Once the pictures are set aside, transcribe each line of the data exactly.

■ Supplied information:
----

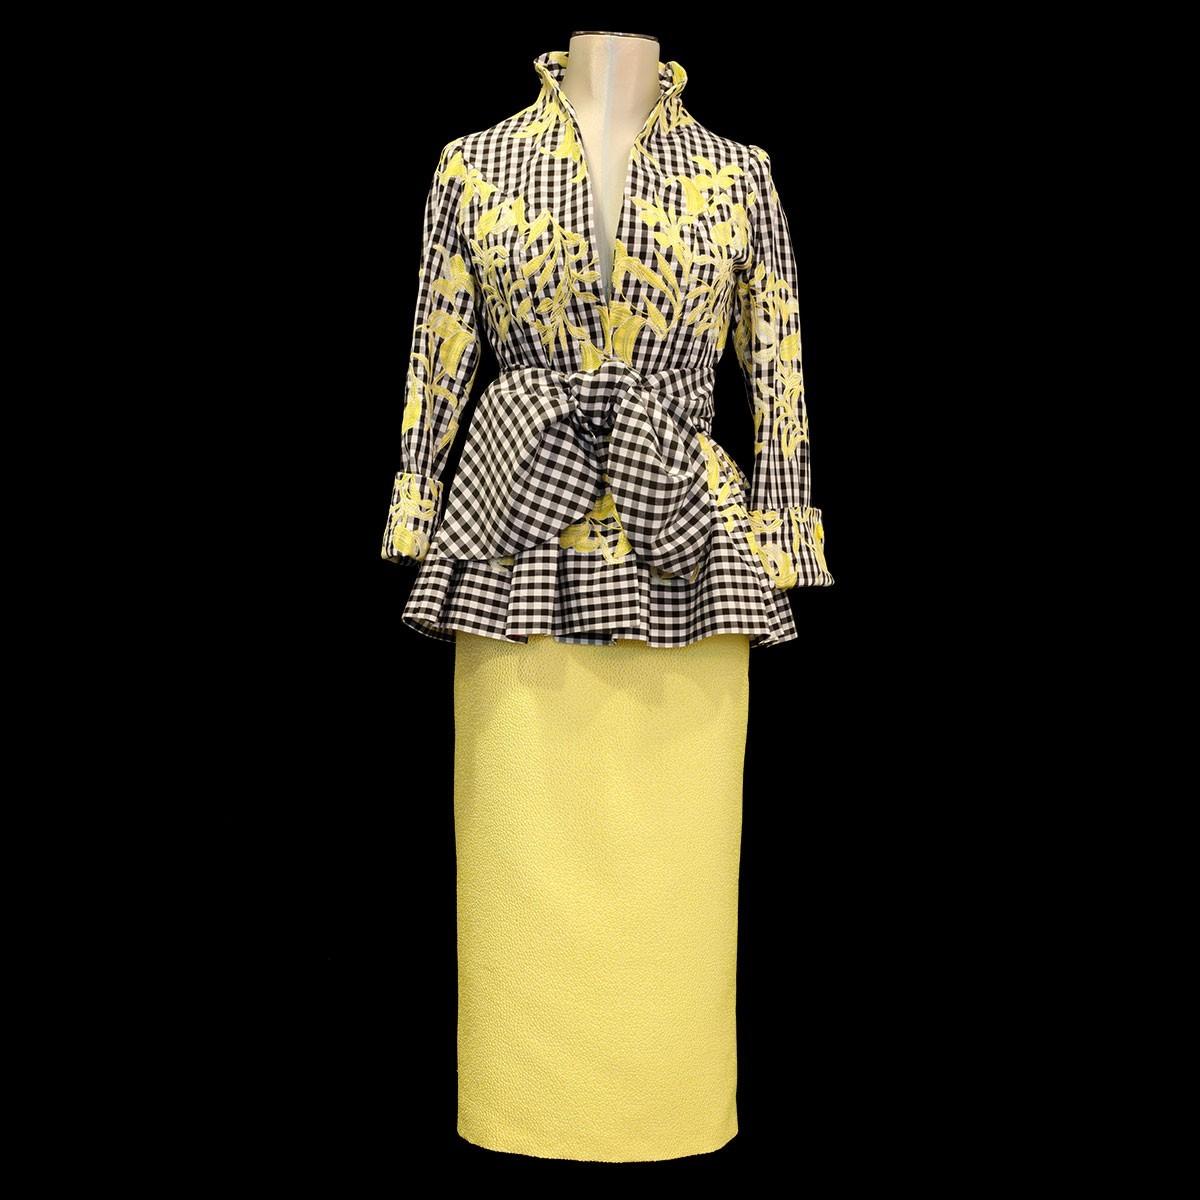 Conjunto de Camisa con cuadro vichy y falda miren brocado
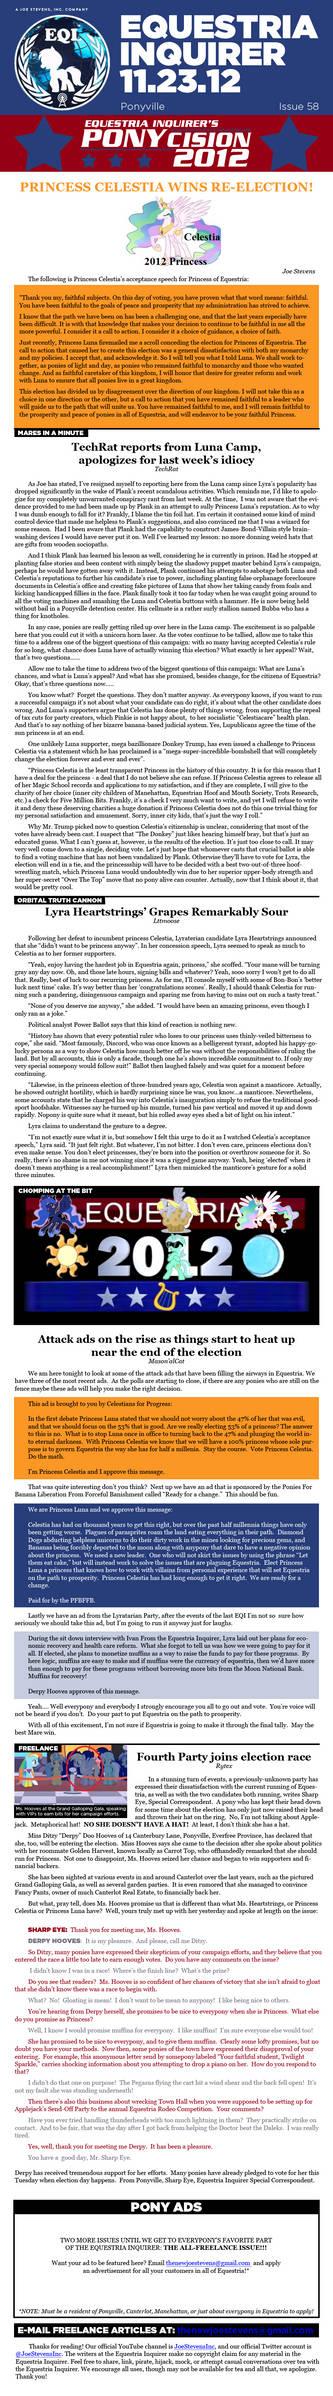 Equestria Inquirer 58
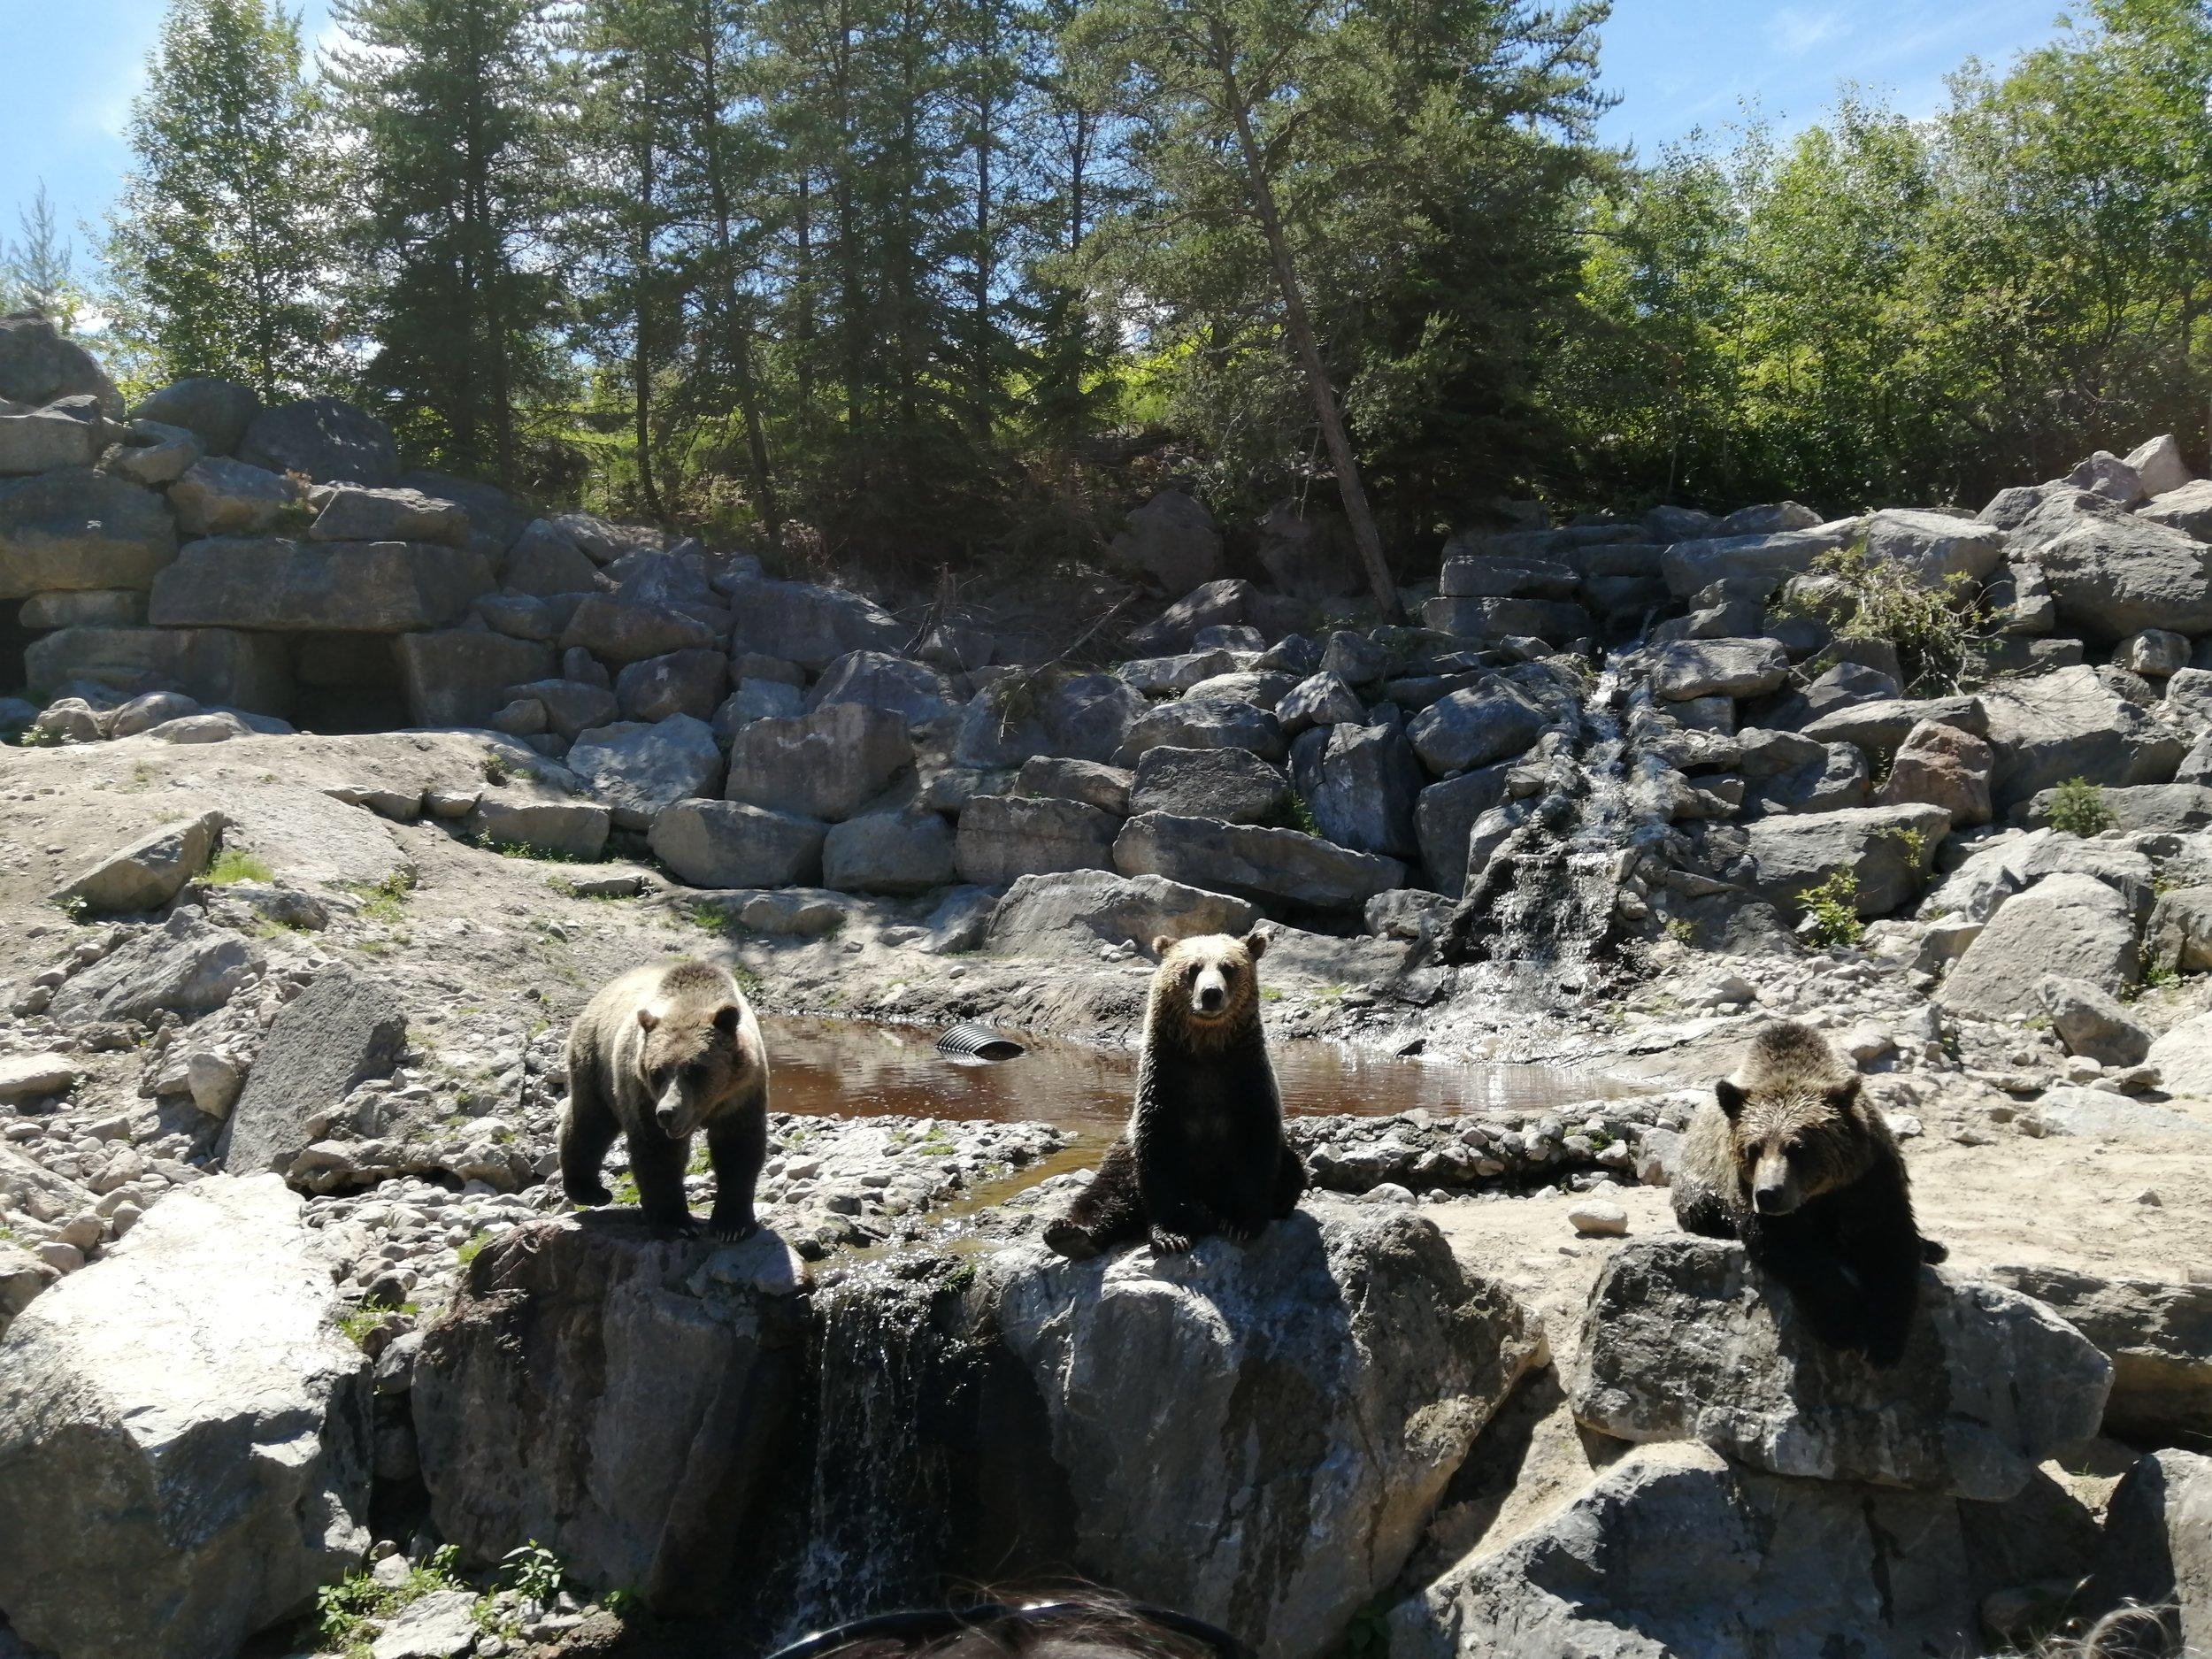 voyage-famille-lac-saint-jean-zoo-st-félicien-grizzlis-sauvage-nature-forêt

----

■ Reply to the task:
 Conjunto de Camisa con cuadro vichy y falda miren brocado
 Equestria Inquirer 58
 voyage-famille-lac-saint-jean-zoo-st-félicien-grizzlis-sauvage-nature-forêt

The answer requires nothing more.